Le ministre des droits de l'Homme, Samir Dilou, a, lui, assuré à l'antenne de la radio Mosaïque au sujet de cette affaire qu'il "n'y avait aucune volonté de censure".

Cette controverse est loin d'être la première. Une série de télévisions, radios et journaux passés sous le contrôle de l'Etat après la révolution qui a renversé le président Ben Ali, ont vu nommées à leurs têtes des nouvelles directions sans que les rédactions ne soient consultées.

Les quotidiens Essabah (en arabe) et Le Temps (en français), qui appartiennent au même groupe, protestent depuis une semaine contre l'arrivée d'un nouveau directeur général.

Le parti Ennahda assure, lui, régulièrement mettre de l'ordre dans le paysage médiatique, après les années Ben Ali, et que les critiques dont il est l'objet témoignent de la liberté des journalistes.

"La situation est grave. Sommes-nous aujourd'hui face à une volonté de réforme, ou une volonté de restriction des libertés?", s'interroge l'animateur de télévision Elyes Gharbi, lui-même limogé de la direction de la radio Shems-FM en février.

"Ce que je vois c'est que (les décisions) se font sans concertation avec les gens du métier, avec les syndicats (...).

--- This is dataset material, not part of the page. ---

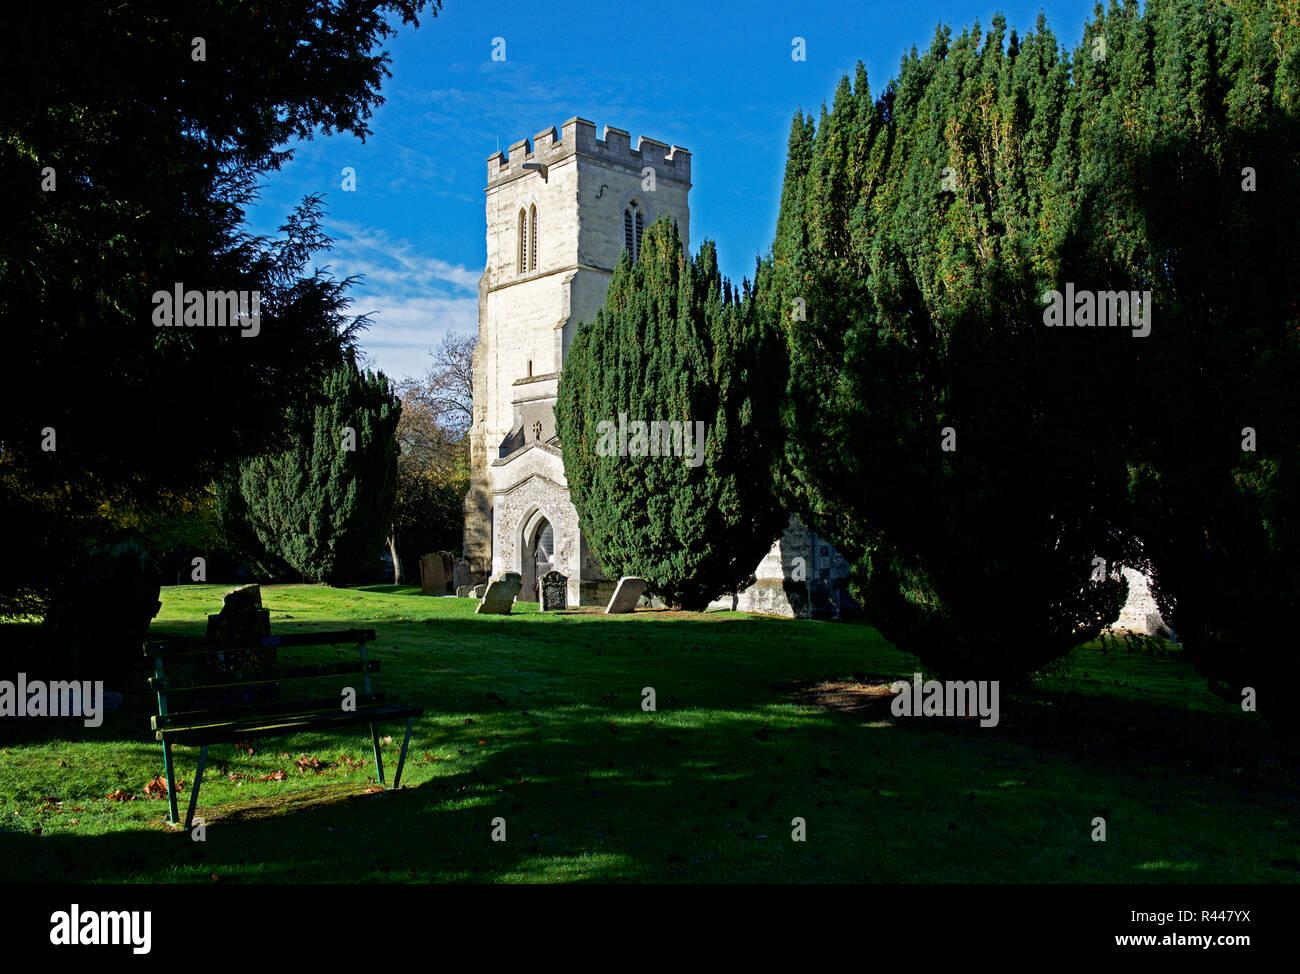 St Mary's Church, Pitstone, Buckinghamshire, England UK - Stock Image

En l'absence d'une structure indépendante de régulation, les décisions sont prises dans des bureaux isolés", souligne-t-il.

L'Instance indépendante chargée de réformer l'information et la communication (Inric) s'est sabordée début juillet en dénonçant le recours par le pouvoir à des "outils de désinformation et de censure".

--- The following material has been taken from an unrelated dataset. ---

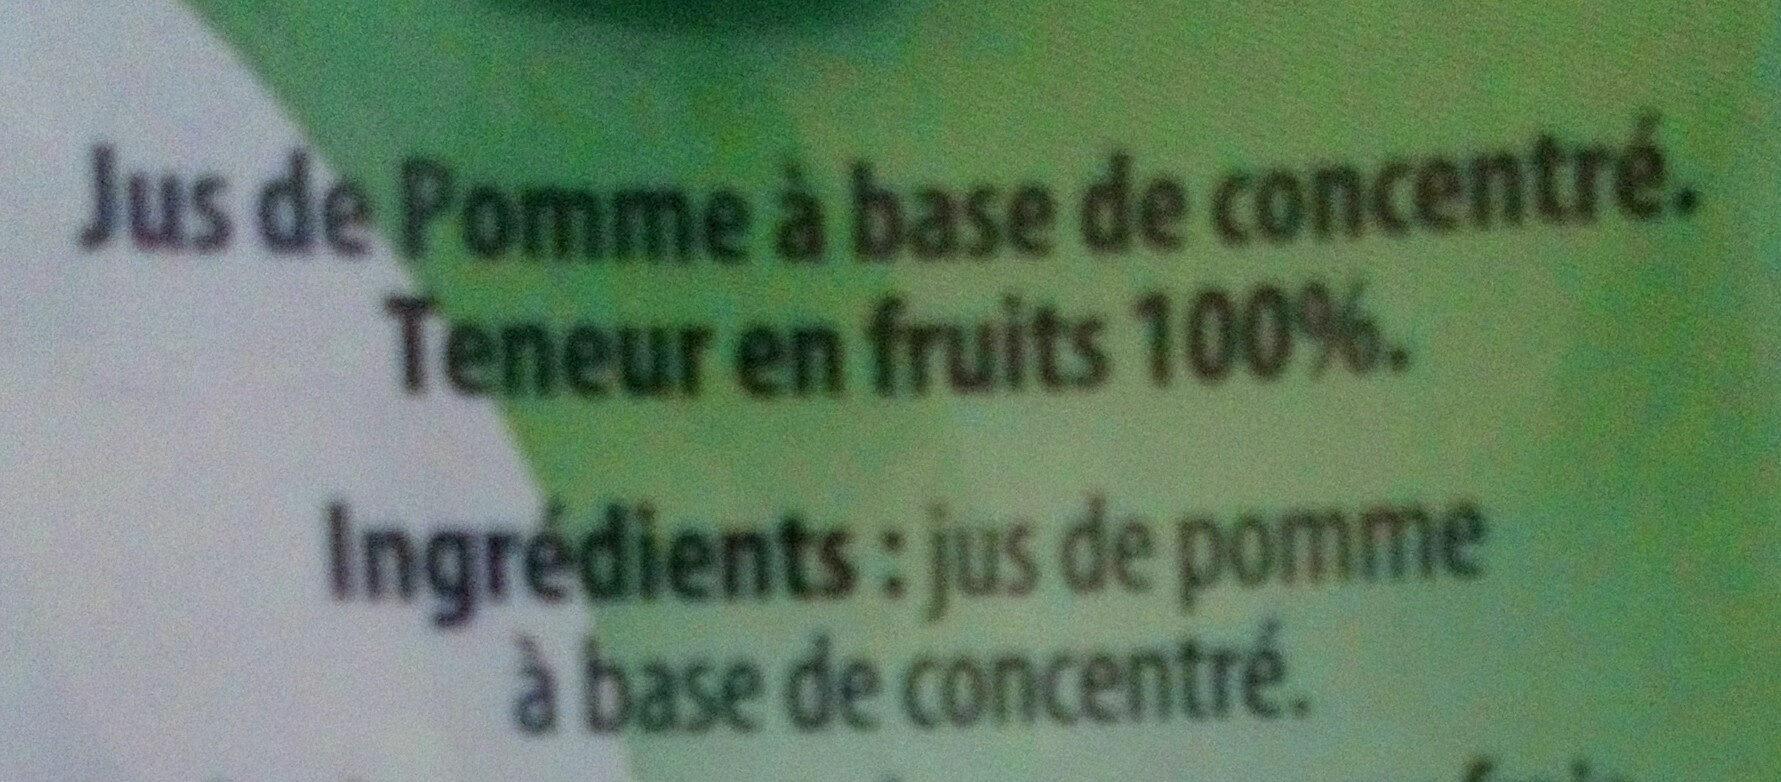 Jus de pomme à base de concentré - Ingredients - fr

Reflétant ce malaise des relations entre presse et pouvoir, le chef d'Ennahda, Rached Ghannouchi, a accusé vendredi les médias de "dramatiser les problèmes" en Tunisie.

"La nature de l'information est de chercher le négatif, mais nous avons besoin de sentir (dans la couverture médiatique) les réalisations" du gouvernement, a-t-il dit.

Le Premier ministre Hamadi Jebali, issu d'Ennahda, a, lui, reçu des représentants de la profession jeudi, insistant sur la nécessité d'un dialogue.

Selon un communiqué du gouvernement, les participants se sont mis d'accord sur la création d'un "cadre de concertation" afin de "résoudre les problèmes à travers le dialogue".

Le SNJT s'est pour sa part donné vendredi jusqu'à la mi-septembre pour décider d'appeler ou non à une grève dans la profession.